I used Koshien Stadium’s English-language instructions to buy tickets, and they were relatively affordable (about $25 per person). There was even a special deal for foreigners: buy a game ticket and a stadium museum ticket (about $5) and get a free Tigers jersey. Walking with three other foreigners in Tigers jerseys, I think we made a lot of people’s day. More than anywhere else in Japan, I heard people talking about us: the gaijin-san in jerseys. And whenever the Tigers scored, drunk guys in business suits would come over and give us high fives.

Fans blowing up balloons ahead of the 7th inning…

4) Their fans have the most elaborate cheers

Before I left for Japan I thought it would be cool to memorize at least one Tigers cheer, but that was before I realized that cheering for sports teams in Japan is, pun intended, a whole different ballgame. Tigers fans have 29 different cheers, including individual cheers for certain players when they’re at bat, and some even have multiple verses. There was a designated cheering section at the game with people playing instruments and everything.

Since cheering was such a big deal, the Giants had their own cheering section in the stadium. What you wouldn’t see in America though: each cheering section limited their cheers to while their team was at bat, and sat quietly while the other fanbase was cheering for their team.

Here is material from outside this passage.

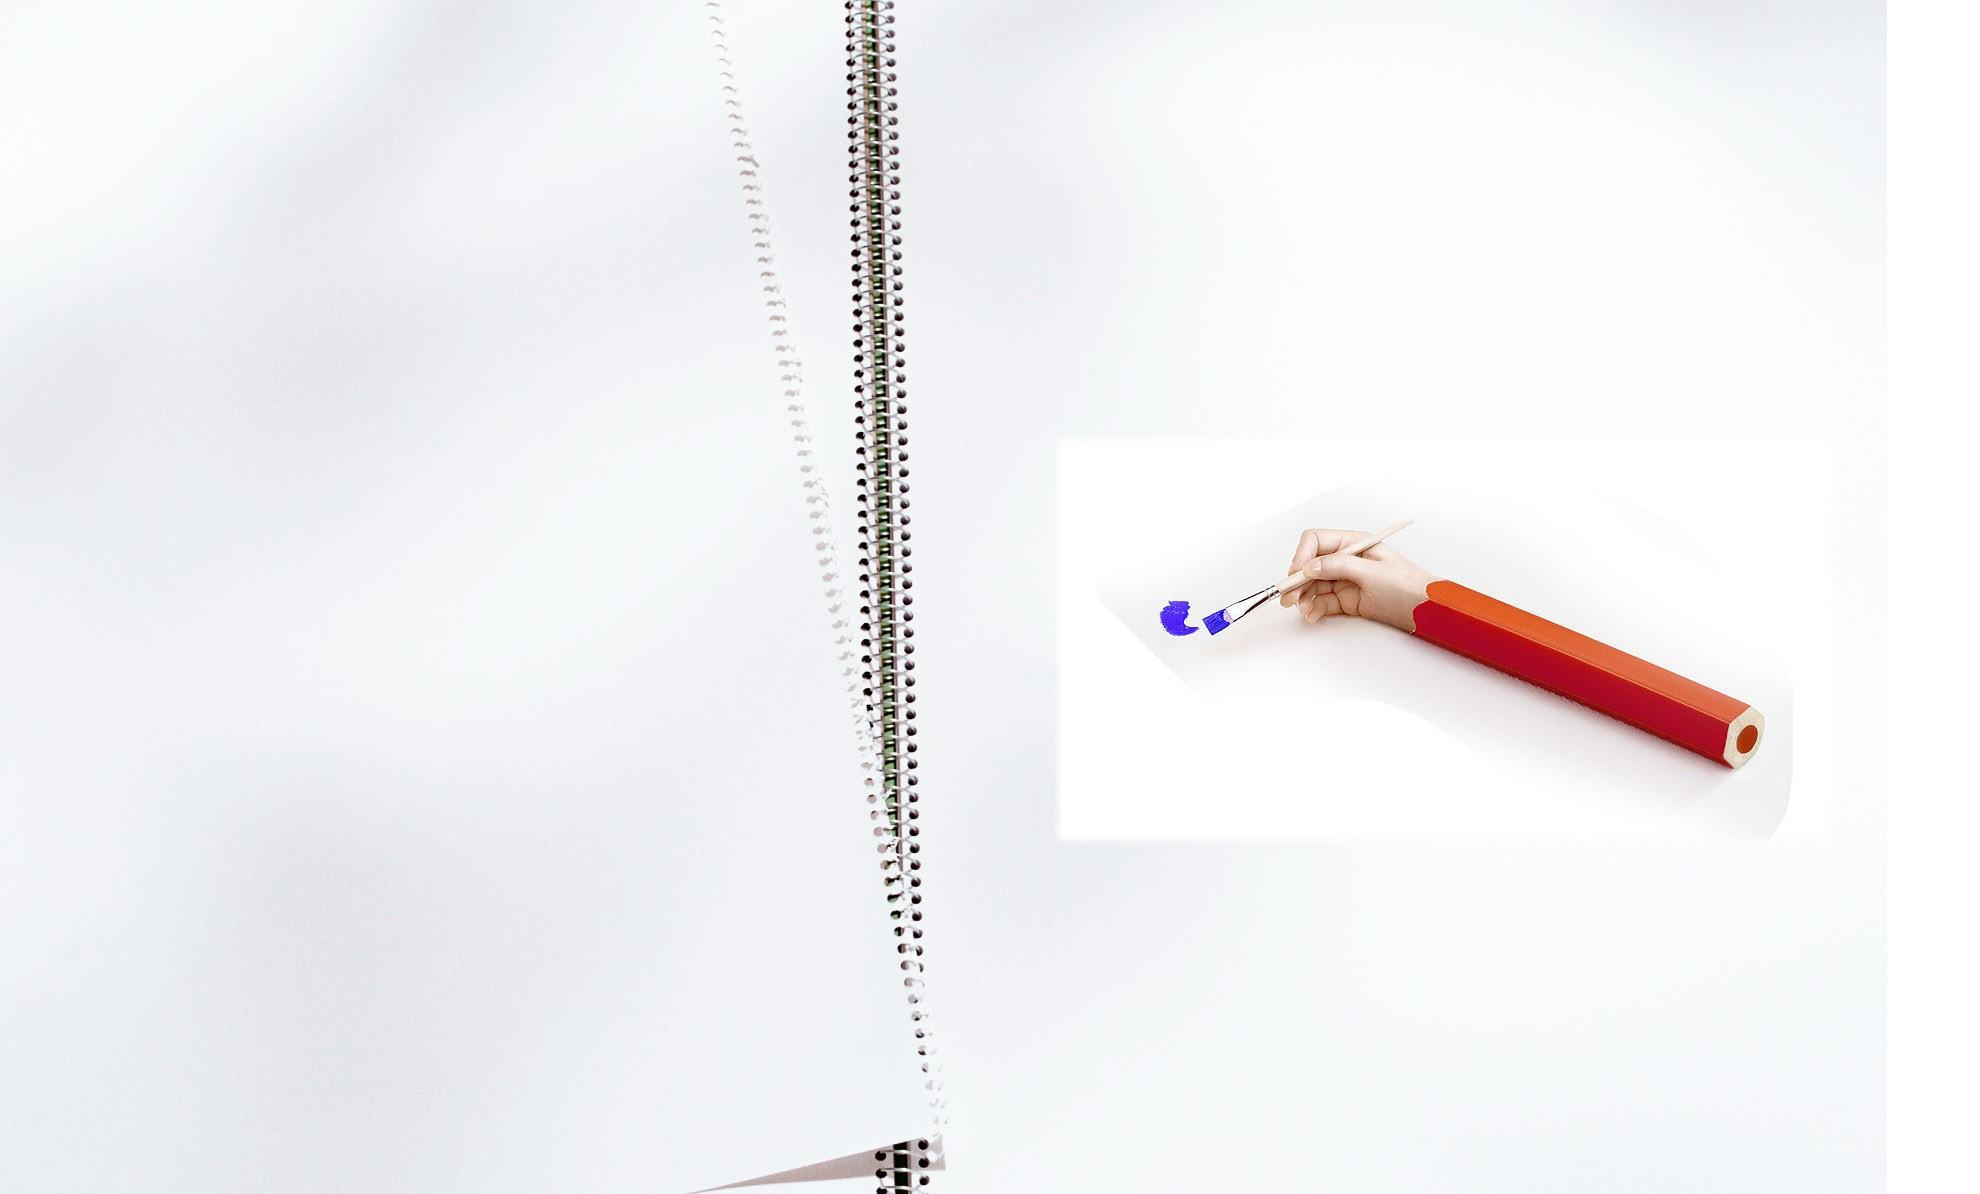 85 Gambar Abstrak Pensil Sederhana Paling Bagus

The Tigers lost pretty badly in the game I watched—2 to 8, unfortunately—but every time there was any hope, the crowd went wild as if the Tigers were already winning.

‘Lucky 7’ in action

5) They have an amazing 7th inning tradition

When we flagged down the nearest beer seller in the stands for some Sapporo, she asked us in English if this was our first Tigers game. When we said yes, she asked if we had brought yellow balloons. We hadn’t and we were pretty stumped by her question, up until the 7th inning.

That’s when everyone around us suddenly starting blowing up oblong yellow balloons, some with black stripes drawn on them in Sharpie so they looked like tiger tails. If we were in the US, this is the time when everyone in the stadium would stand up for the 7th inning stretch. Here though, what was everyone going to do with these balloons?

If you google “Lucky 7” you can see what I saw: a simultaneous balloon release in time with a chant. It’s a specific tradition at Koshien Stadium, not something all Japanese baseball fans do. And if the Tigers win, they do it again at the end of the game.

If you aren’t a sports fan, I don’t think attending a game in Japan is going to make you one. But if you already like baseball, I’d recommend checking out what the Tigers can do. It was amazing to see a pastime I’ve always associated with America transformed into something unfamiliar. Baseball has been in Japan for more than a century now, and in that time it has gone native, with its own quirks and idiosyncrasies exclusive to Japan. Americans may love baseball, but the Japanese don’t love it any less—and it shows.